After some preparation of data, it is time to define the training loop:

python

from torch import nn, optim
def train_model(model: nn.Module,
                dataloaders: dict[str, DataLoader],
                criterion: nn.Module,
                optimizer: optim.Optimizer,
                num_epochs: int,
                device: torch.device):
  since = time.time()
  val_acc_history = []
  for epoch in range(num_epochs):
    print(f'Epoch {epoch}/{num_epochs - 1}')
    print('-' * 10)
    # Each epoch has a training and validation phase
    for phase in ['train', 'val']:
      
      if phase == 'train':
        model.train()  # Set model to training mode
      else:
        model.eval()   # Set model to evaluate mode
      running_loss = 0.0
      running_corrects = 0
      # Iterate over data
      for inputs, labels in dataloaders[phase]:
        inputs = inputs.to(device)
        labels = labels.to(device)
        # zero the parameter gradients
        optimizer.zero_grad()
        # forward
        # track history if only in train
        with torch.set_grad_enabled(phase == 'train'):
          outputs = model(inputs)
          loss = criterion(outputs, labels)
          _, preds = torch.max(outputs, 1)
          # backward + optimize only if in training phase
          if phase == 'train':
            loss.backward()
            optimizer.step()
        # statistics
        running_loss += loss.item() * inputs.size(0)
        running_corrects += torch.sum(preds == labels.data)
      epoch_loss = running_loss / len(dataloaders[phase].dataset)
      epoch_acc = running_corrects.double() / len(dataloaders[phase].dataset)
      print(f'{phase} Loss: {epoch_loss} Acc: {epoch_acc}')
      if phase == 'val':
        val_acc_history.append(epoch_acc)
    print()
  time_elapsed = time.time() - since
  print(f'Training complete in {time_elapsed // 60}m {time_elapsed % 60}s')
  return model, val_acc_history

The code above comes with some more-than-necessary features that can be taken off.

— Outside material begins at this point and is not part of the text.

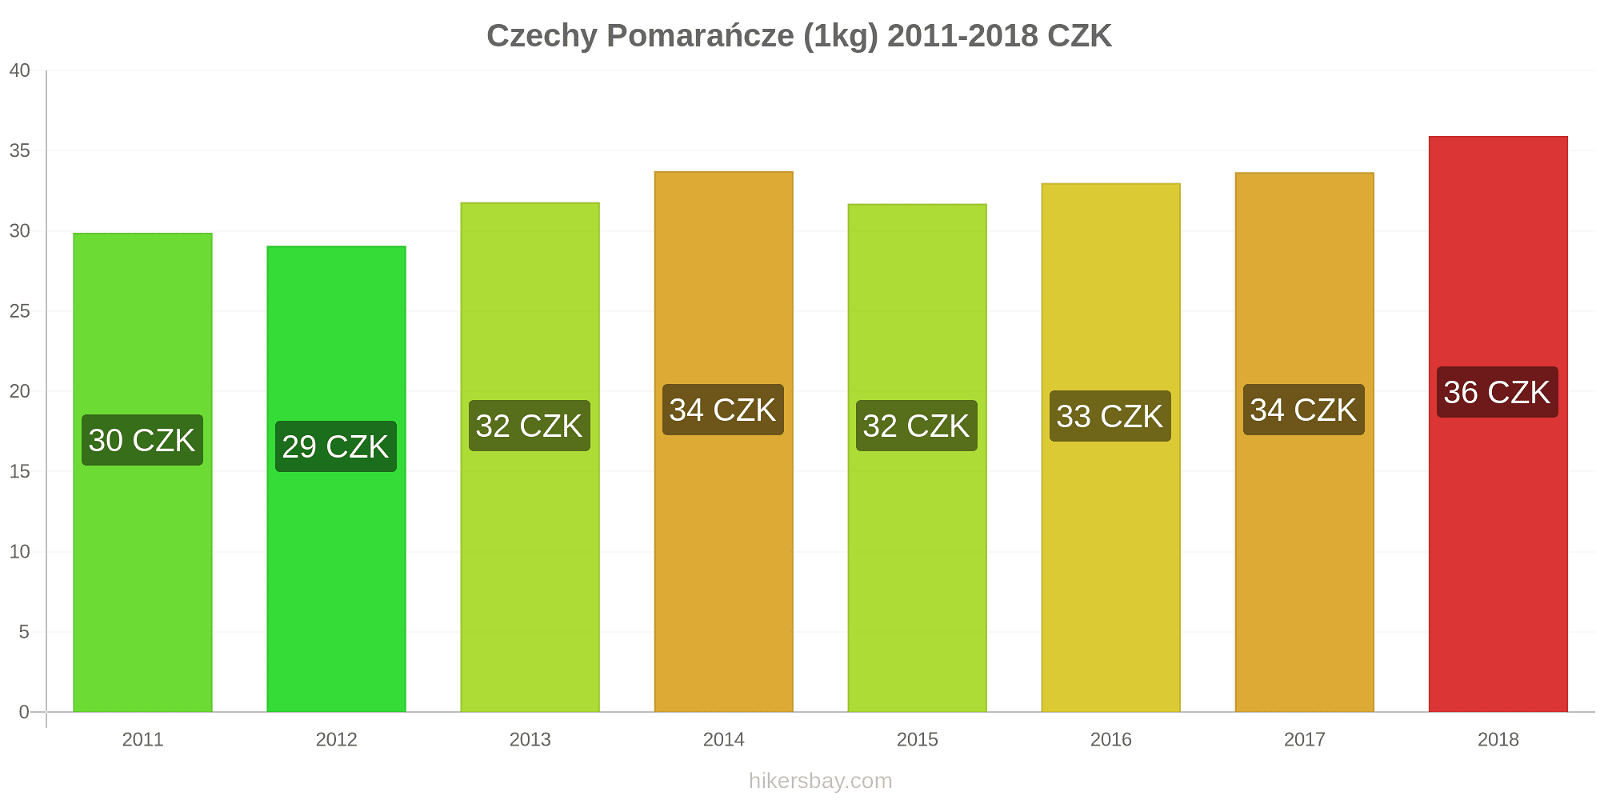 Czechy zmiany cen Pomarańcze (1kg) hikersbay.com
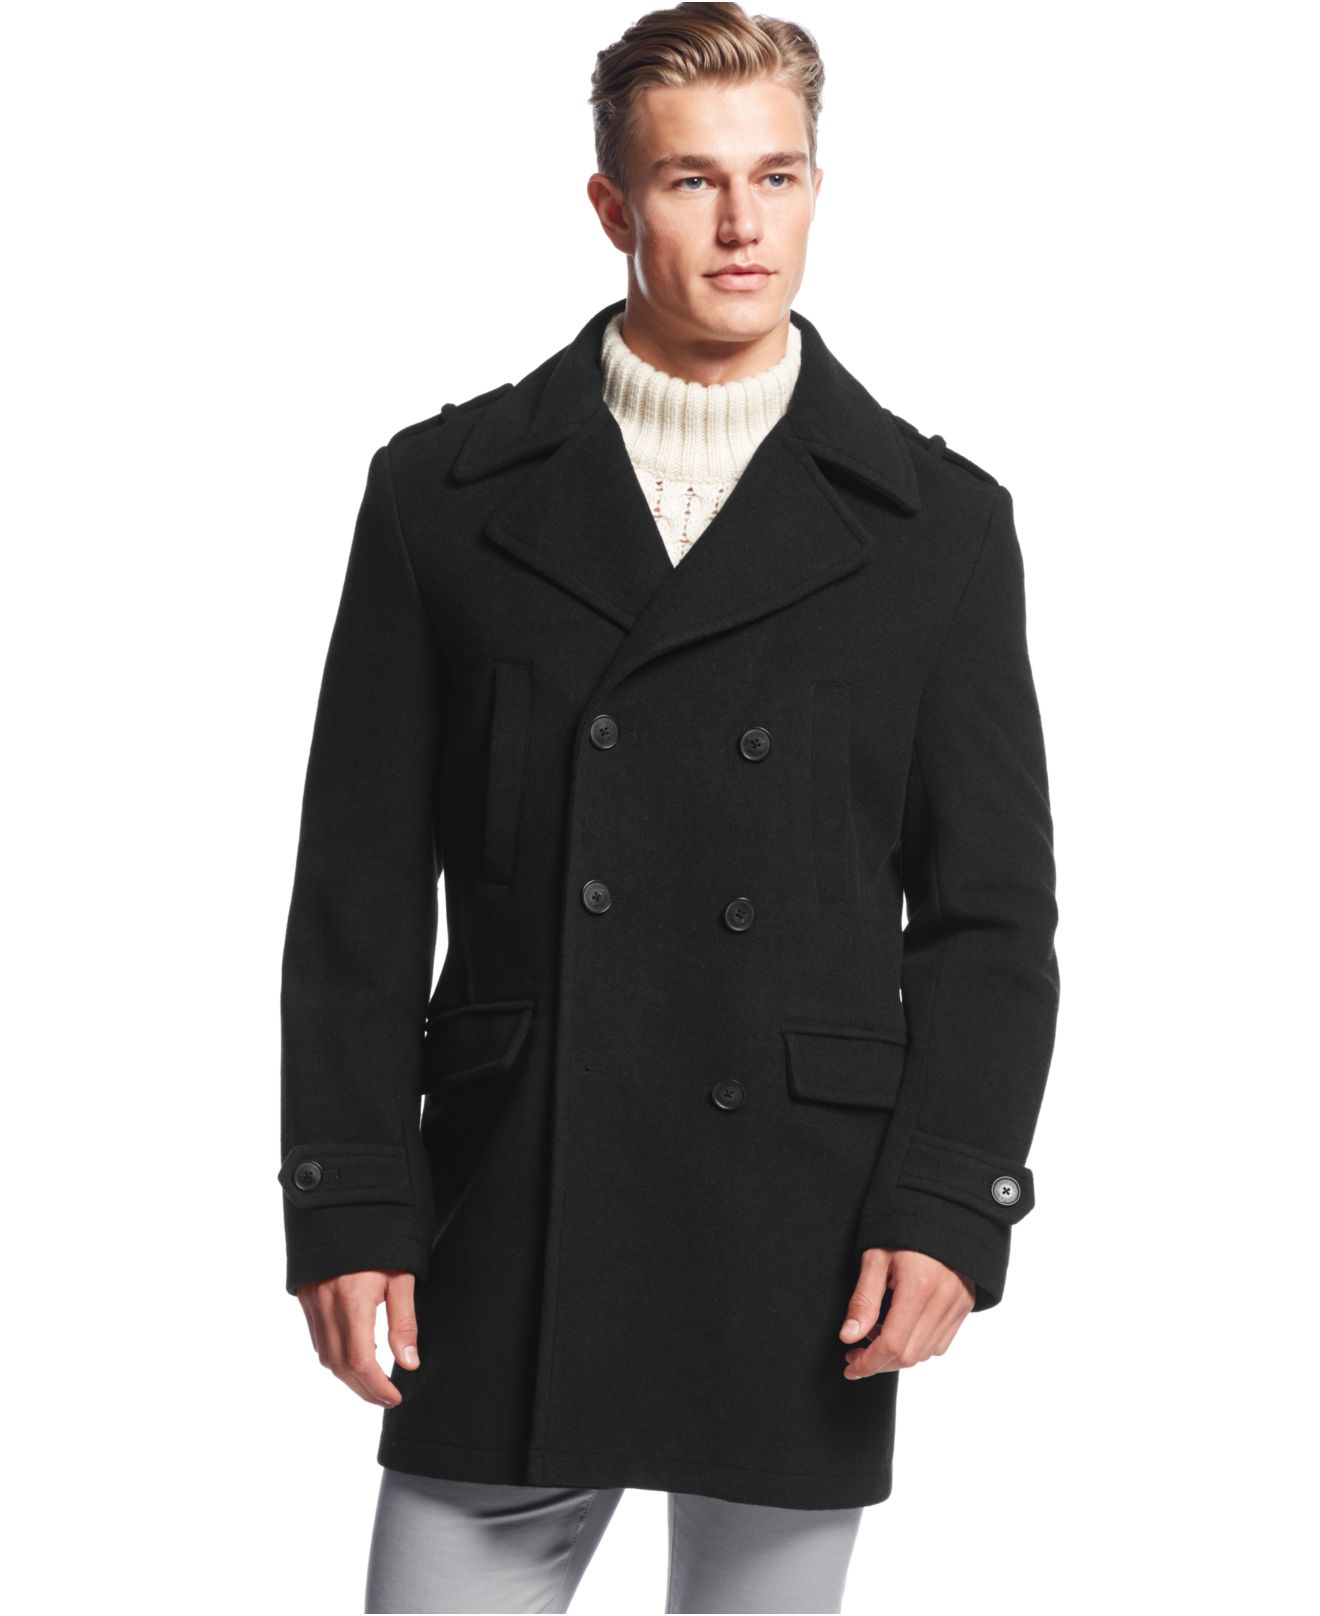 Calvin Klein Wool Montreal Solid Slim-fit Peacoat in Black for Men - Lyst

The essential part is only the loop and operations done on optimizer and loss.

Model, Optimizer, Loss and Training

After defining some essential blocks for the entire workflow, I instantiated the network with pre-trained weights on ImageNet:

python

from torchvision.models import resnet
model = resnet.resnet50(weights=resnet.ResNet50_Weights.DEFAULT)
for param in model.parameters():
  param.requires_grad = False
model.fc = nn.Linear(2048, 120)

As the above code suggested, with not enough data, I only took off the last layer of the network for fine-tuning.

Initialize a loss criterion and an optimizer:

python

params_to_update = []
for name, param in model.named_parameters():
  if param.requires_grad:
    params_to_update.append(param)
optimizer = optim.Adam(params_to_update)
criterion = nn.CrossEntropyLoss()

Note that here I only passed in parameters except the last layer.

After initializing everything, the loss criterion and optimizer will handle the rest:

python

model, hist = train_model(model,
                          dataloaders_dict,
                          criterion,
                          optimizer,
                          num_epochs=EPOCHS)

Get some coffee and wait, things will be done sooner or later.